Thursday, March 15, 2012

The Best Flavor

I am finishing up Michael J Sullivan's Riyria Revelations and am pleasantly surprised by the quality of the story.  While I wholeheartedly endorse the series, the more interesting thing to me is the author's interview.  Most specifically, this:

           "For years now I have heard few...lament that repetitive theme....they are tired of the same old hero-               
            vanquishing-evil and want something new.  Something more real, more believable.  Which to me 
            sounds like someone saying they love chocolate, the just wished it wasn't so chocolatey and that it 
            tasted more like vanilla."


Having an established genre author admit to the feelings he describes is akin to NASA spontaneously admitting that we faked the first moon landing.

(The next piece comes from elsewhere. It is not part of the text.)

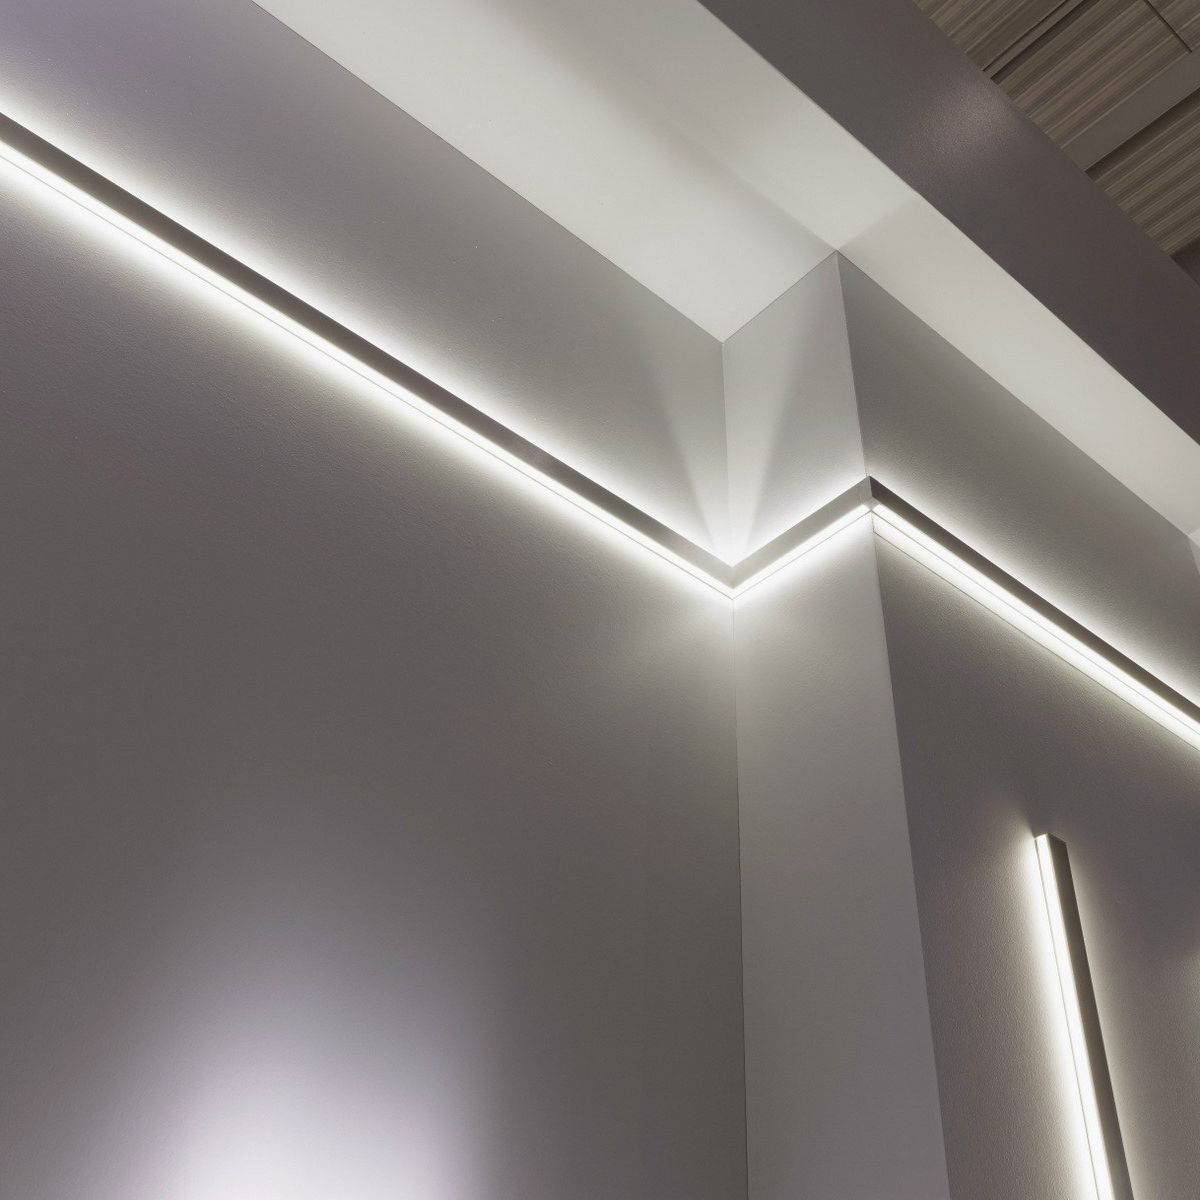 Wall-mounted lighting profile / LED / modular lighting system ...

"Are you sure the wind rippling isn't going to give it away?"

It drives me insane that every new speculative fiction I pick up spends a thousand pages developing a deep, resonant theme that parallels the real world.  And there will be no MacGuffin.  If I found myself wanting to read Atlas Shrugged again, I would gouge my own eyes out with a rusty spoon.

As seen in the last reasonably tolerable Kevin Costner movie.

So, you see, I don't want to read it, I get suckered in by Tor's shield on the spine.  Then I read 300,000 words of political intrigue, conspiracies, and judiciary debate about the rights of the parasite wurms of Arenon IV.  All I really wanted was a wizard burninating some orcs.

Sullivan goes on to defend his own work, which makes his Oz-like unveiling a little less impressive.  But ultimately, the idea that someone can't just write a boring old hack n' slash novel is depressing.  Joseph Campbell described thousands of concurrent mythologies that all feature similar elements.  They endured because they were entertaining and popular.  We can read them today because they are always fun.  No, KJ Parker's Engineer trilogy isn't better than Brook's Shannara work.  But it is worth spending the few days it will take to finish the books.

Similarly, the constant quest to destroy any hope we might have that our future generations will even know what a poem is has become mindbogglingly stupid.  I've got a list, here's the order of the list that it's in.

It goes Reggie, Jay-Z, Tupac, and Biggie, Andre from Outkast, Jada, Kurupt, Nas, and then me.
1)  Poetry can rhyme
2)  It can even be iambic
3)  Nothing on your tumblr can be considered poetry.
4)  Poetry does not have to be spoken in front of an audience of students with suspect scruples.
5)  If you are doing a "slam" or "reading," keep in mind that talking like William Shatner does not turn your 
     diary into poems.
6)  Punctuation was invented for a reason.*
7)  No one likes an ampersand.

*This.  This is why.

I'm thankful that the bow-legged, greasy, bastardized version of poetry exists at all, but I'm not going to invite it in for dinner, because I don't want it to mess with my kids.  I don't have kids.  I once wrote a fifty page critical evaluation of Frank Herbert's Dune so I know all about sucking the fun out of a good story.  I just don't want that to become the only real way of interacting with a book.

The way the publishers and the market treat stories with too much cliche isn't like complaining the chocolate is too chocolatey, it's like banning chocolate and forcing everyone to enjoy their damn vanilla.

"You will like it, or you will be forced to keep publishing on Smashwords."